On the positive side of the ledger, he is now 48 years old and our relationship is 100% on an even keel. He took the long way around the barn to become a responsible man, but he got there!
Suing your grandmother?
Outrageous.
That happened to me. I moved out at 19 years of age. I had been working part-time from 16, and felt it was time to move out at 19. Came back half a year later to retrieve my stuff, but my mother had tossed it all out. I had boxes of comic books and other rare items like bubble-gum cards and Hot Wheels. Whole series of Marvel from #1, including Spiderman, FF, X-Men, Hulk, Dr. Strange, you name it I had it. Would be worth thousands of dollars now. Also had lesser ones like D.C., Archie, MAD, etc. I had only taken a couple dozen Marvel with me, now worth hundreds of dollars. Mothers can be cruel when they're pissed because their sons move out. Sigh...

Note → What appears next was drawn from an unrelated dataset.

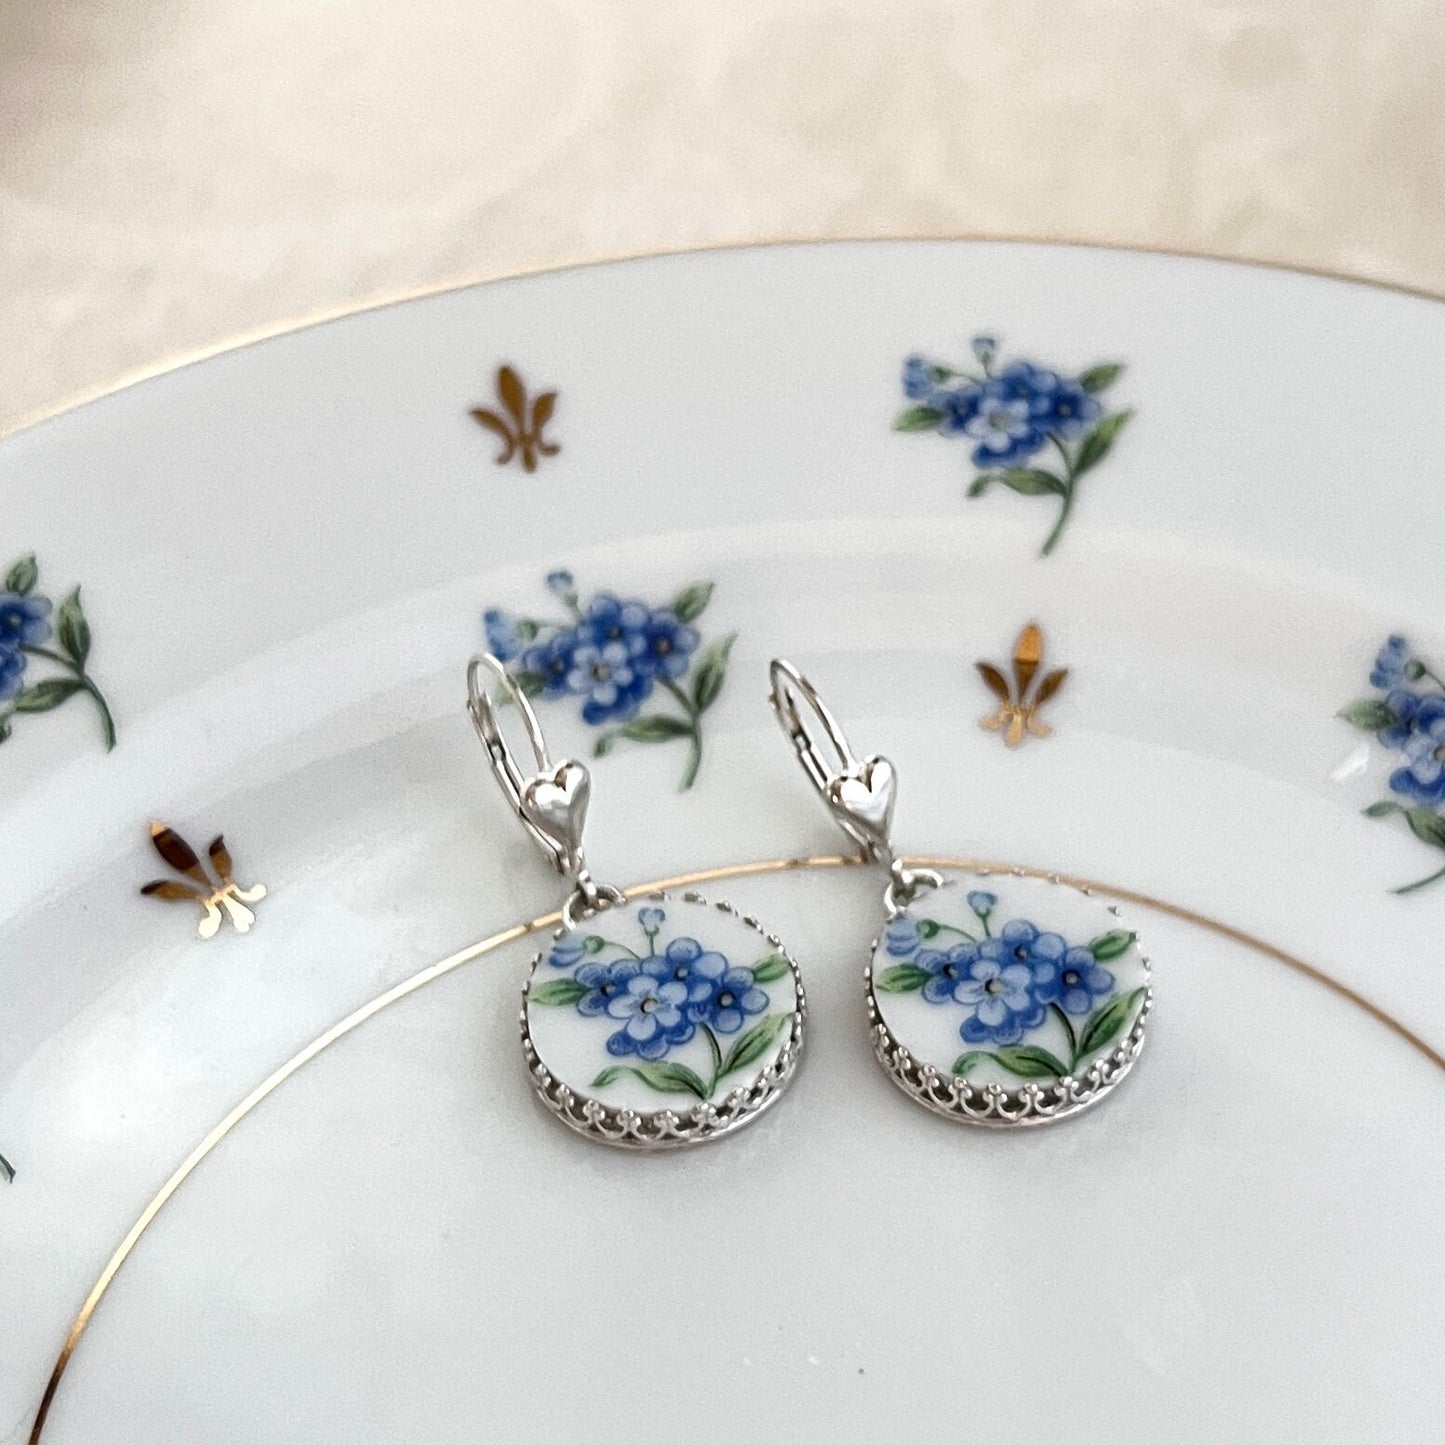 Forget Me Not Me Not Flower Earrings, Romantic Gift for Girlfriend, Sterling Silver Broken China Jewelry,  Gifts for Women

The main reason those items are worth money now is all of the moms who threw out 98% of those items. If they hadnt, all those baby boomers wouldnt be bidding against each other to recreate their childhoods.
Btt
I wonder how many ungrateful children or grandchildren will be surprised that the grandparents spent all their money on cruises, traveling the country, attending overpriced aging but yet popular rock band concerts financed by their reverse mortgages on their homes?
Way to write yourself out of the will, Austin.
I know a gal who got sued by her son for throwing out his old toys after hed grown up and moved away from home He won and she had to pay him
So many mothers are guilty of throwing away the rare comic books and baseball cards that took up room. Could have paid for two years of college.
Mom tossed all my baseball cards when went to college
Could have been a freaking millionaire ...
“where its members capture local resources and means of productions
Worked real goood in venezuela when the marxists took over oil production.